Kernel version is linux-bluefield 5.15

Test step:
1) configure xfrm rules
2) configure VF
3) configure FW steering mode
4) restart driver
5) check dmesg

Test result:
 [ 937.989359] ------------[ cut here ]------------
 [ 937.989786] WARNING: CPU: 11 PID: 60463 at /tmp/23.10-0.1.8/6.5.0-rc6_mlnx/fedora_32/mlnx-ofa_kernel/BUILD/mlnx-ofa_kernel-23.10/obj/default/drivers/net/ethernet/mellanox/mlx5/core/en_accel/ipsec_fs.c:1828 mlx5e_accel_ipsec_fs_cleanup+0x298/0x2b0 [mlx5_core]
 [ 937.991698] fuse virtio_net net_failover failover [last unloaded: vdpa]

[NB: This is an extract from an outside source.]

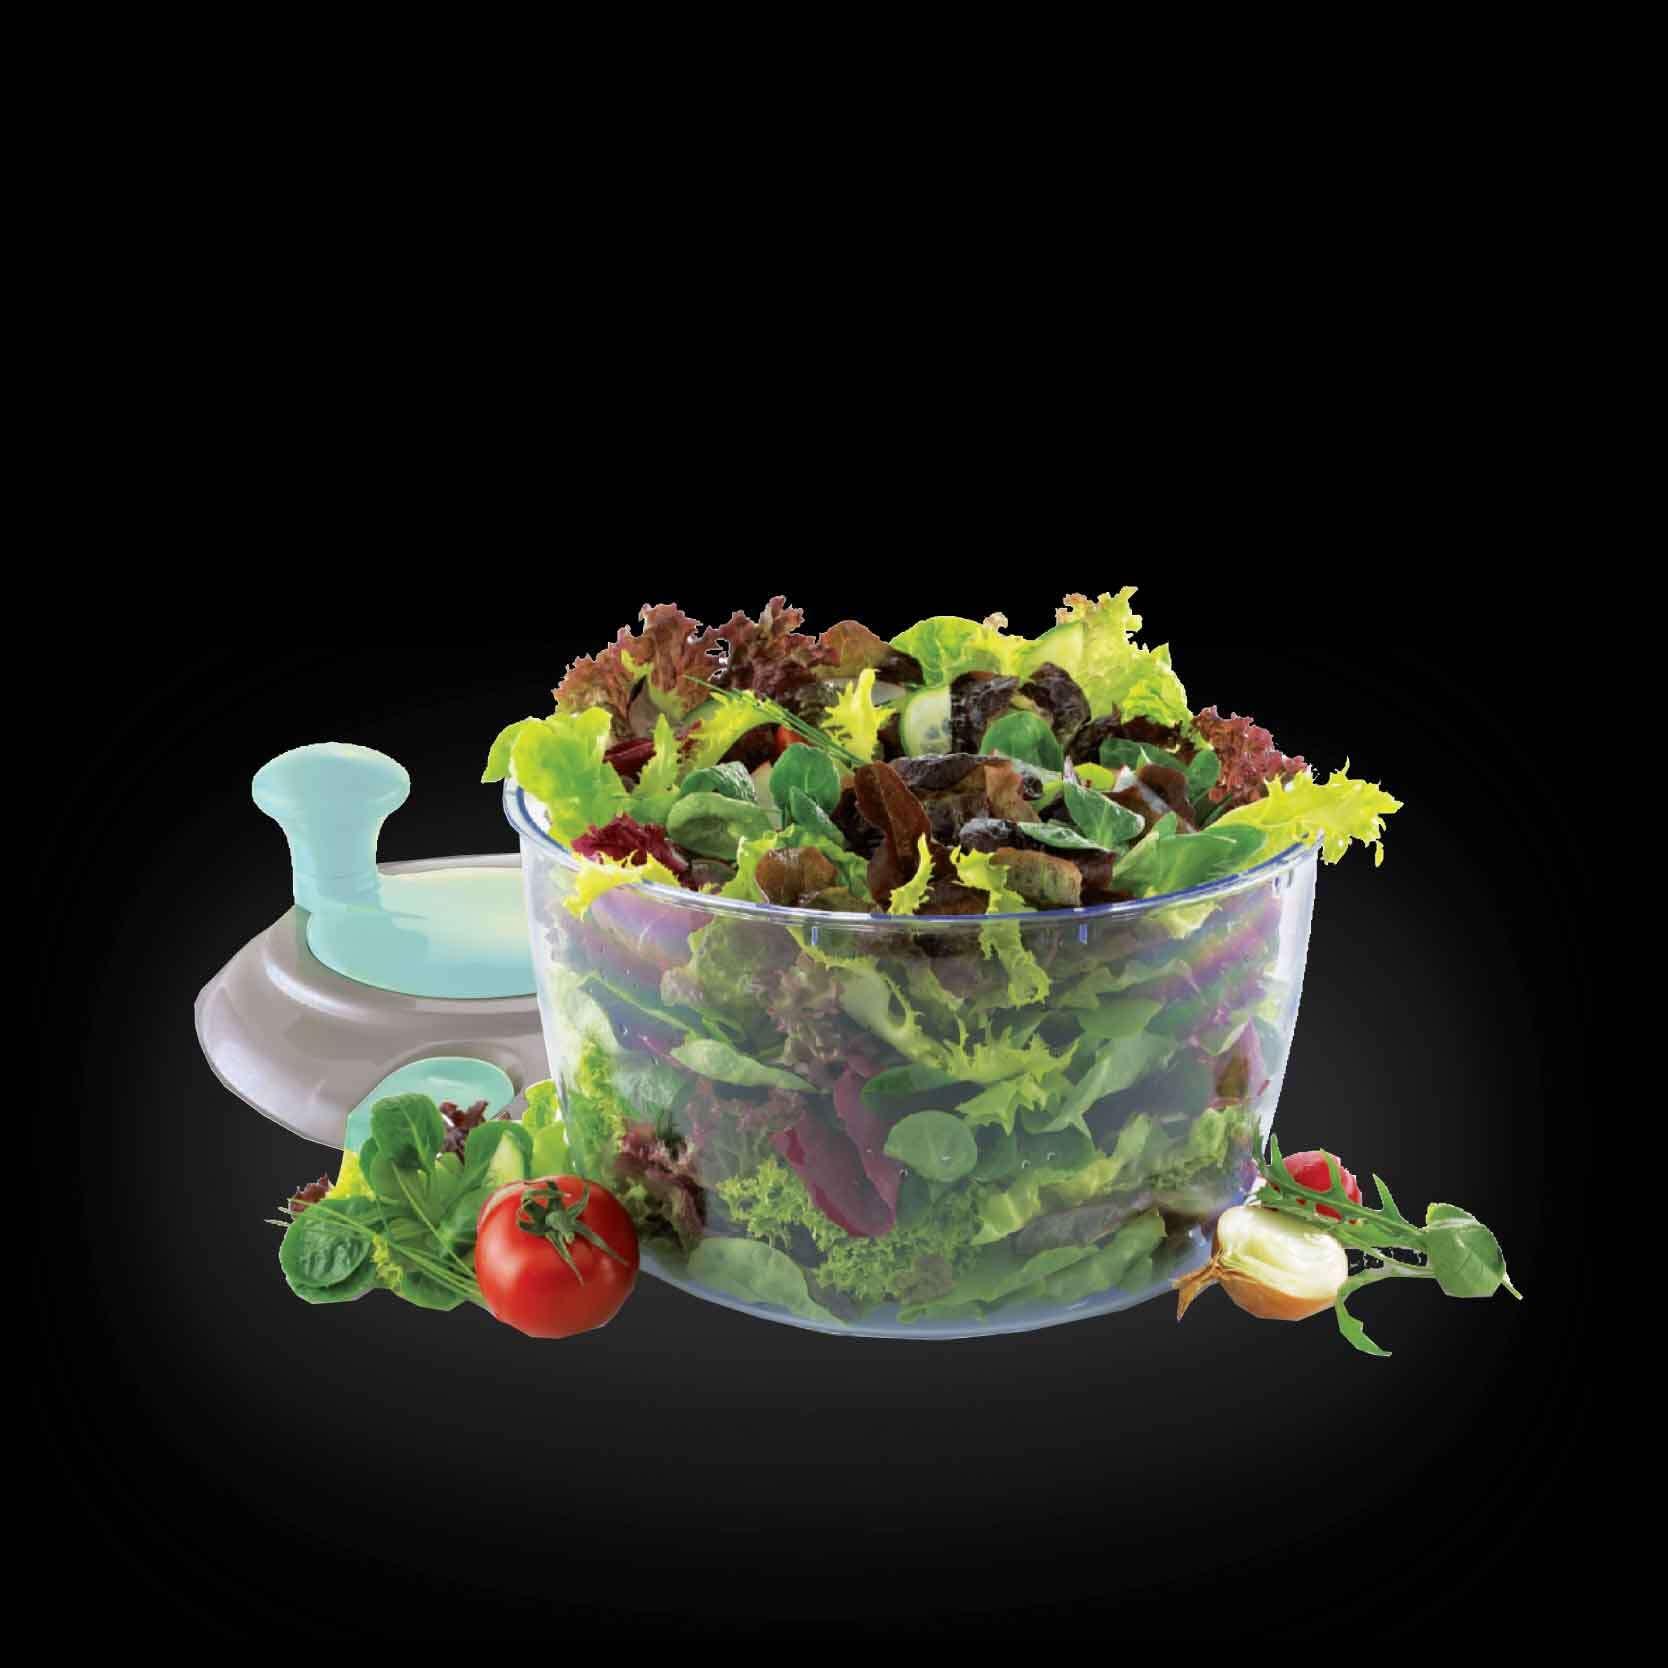 800x800_LG Salad Spinner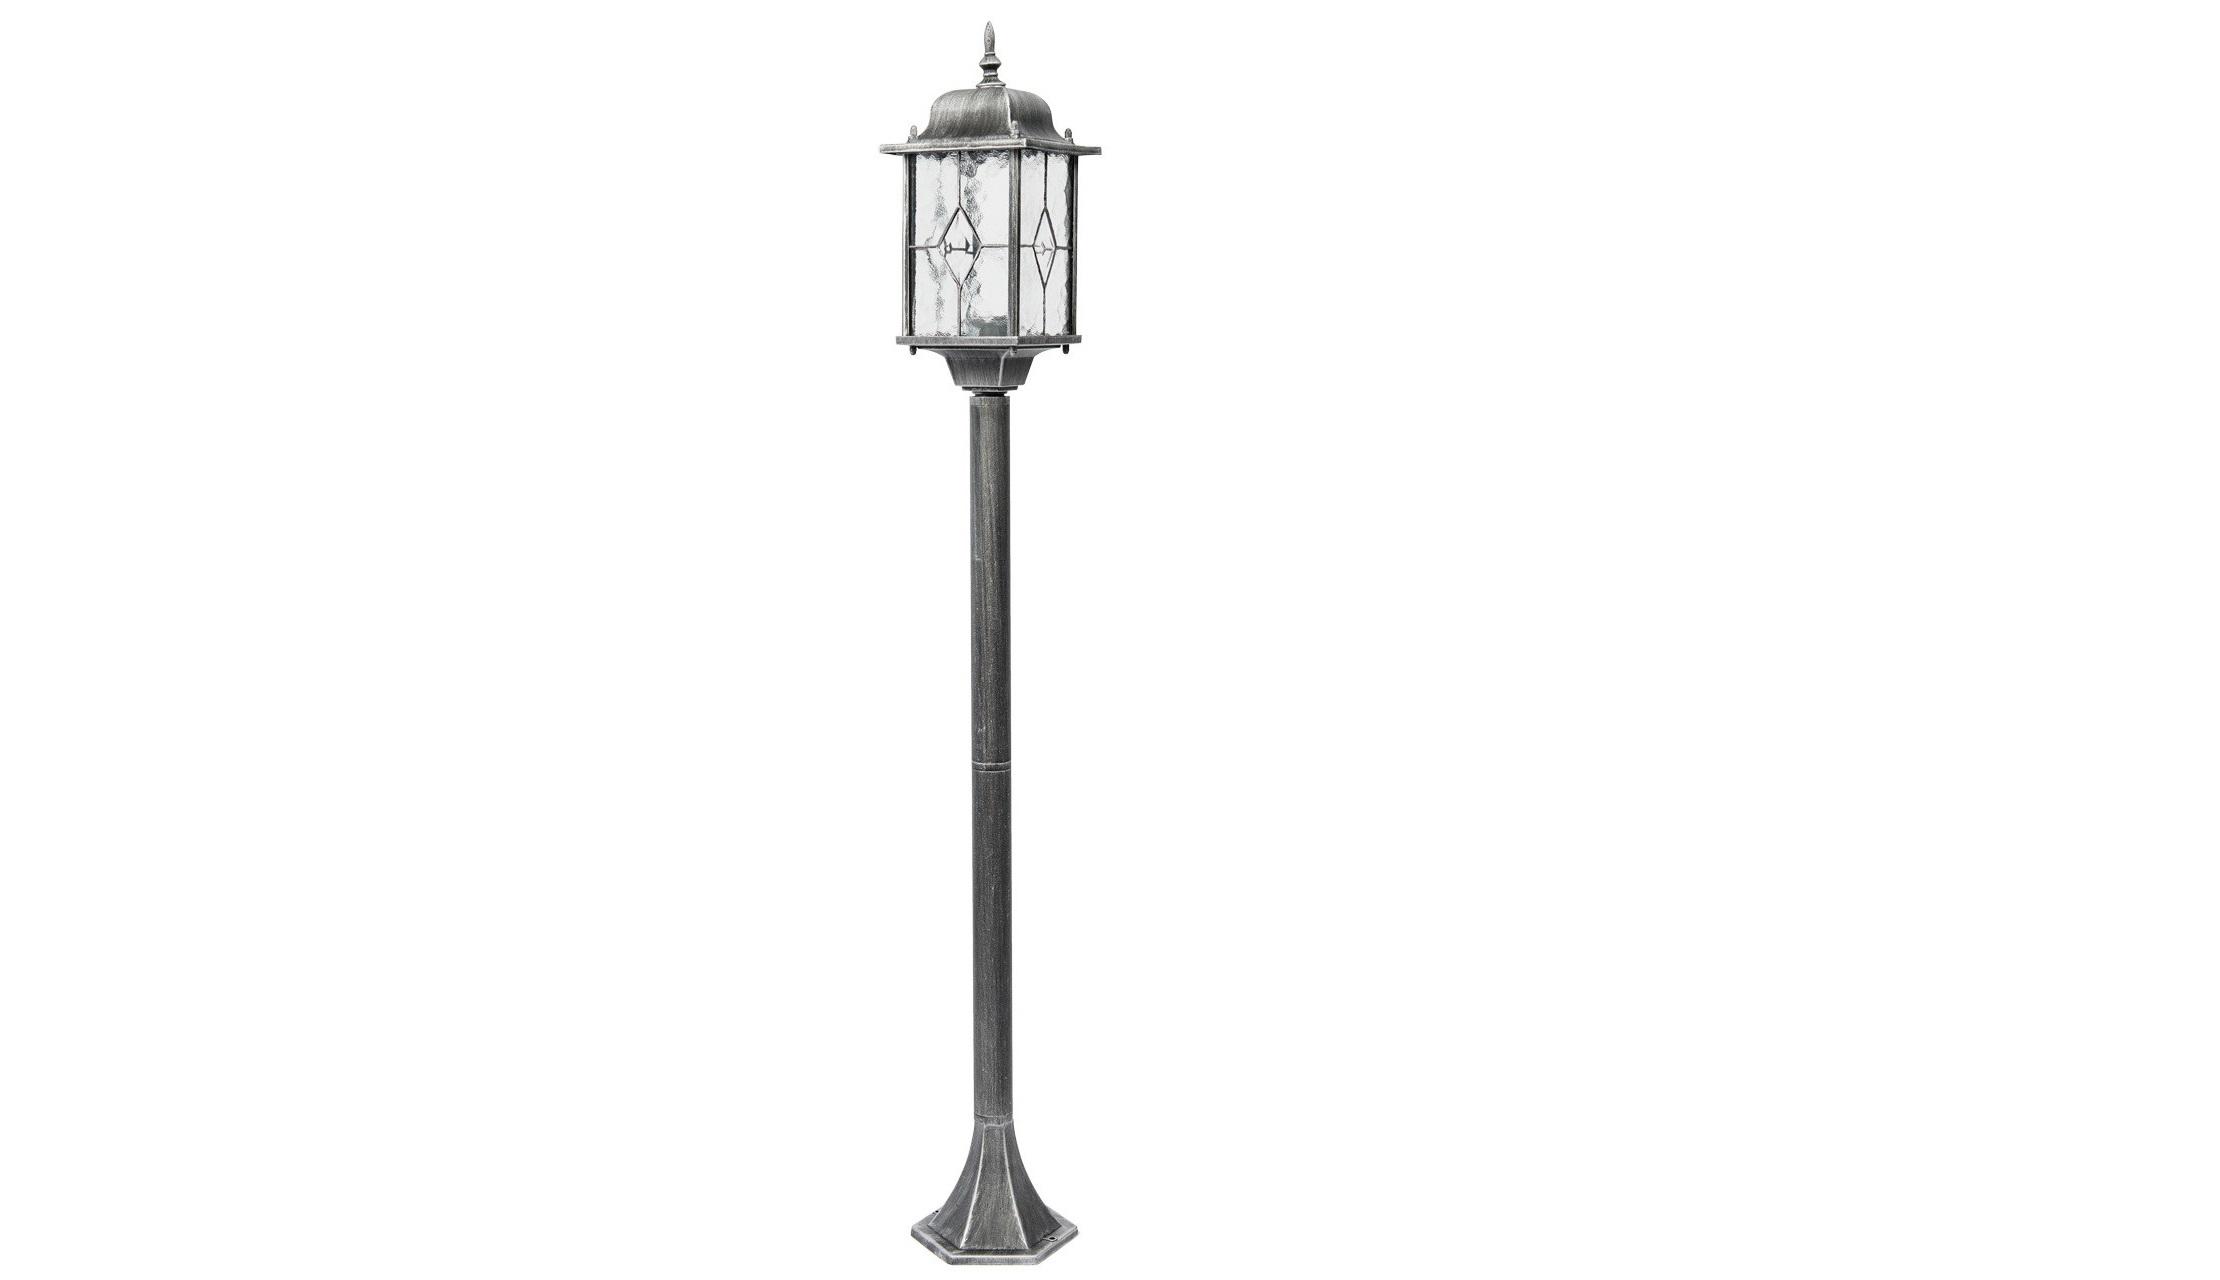 Уличный светильник БургосУличные наземные светильники<br>&amp;lt;div&amp;gt;Оригинальное витражное стекло в коллекции Бургос красиво преломляет лучи света, тем самым достойно украшая конструкцию светильников. Контуры алюминиевого литого основания чёрного цвета декорированы модной серебряной патиной. Благодаря лёгкости металлической конструкции и интересному дизайну, светильник отлично впишется в экстерьер любого природного ландшафта.&amp;lt;/div&amp;gt;&amp;lt;div&amp;gt;Основание из литого алюминия черного цвета, декорированное серебряной патиной, плафоны &amp;amp;nbsp;- витражное стекло&amp;lt;/div&amp;gt;&amp;lt;div&amp;gt;&amp;lt;br&amp;gt;&amp;lt;/div&amp;gt;&amp;lt;div&amp;gt;Мощность 1*95W&amp;lt;/div&amp;gt;&amp;lt;div&amp;gt;Цоколь E27&amp;lt;/div&amp;gt;&amp;lt;div&amp;gt;Степень защиты от влаги и пыли &amp;amp;nbsp;IP44&amp;lt;/div&amp;gt;<br><br>Material: Алюминий<br>Length см: None<br>Width см: 16<br>Depth см: 16<br>Height см: 122

 [ 937.999155] CPU: 11 PID: 60463 Comm: modprobe Tainted: G OE 6.5.0-rc6_mlnx #1
 [ 937.999891] Hardware name: QEMU Standard PC (Q35 + ICH9, 2009), BIOS rel-1.13.0-0-gf21b5a4aeb02-prebuilt.qemu.org 04/01/2014
 [ 938.000823] RIP: 0010:mlx5e_accel_ipsec_fs_cleanup+0x298/0x2b0 [mlx5_core]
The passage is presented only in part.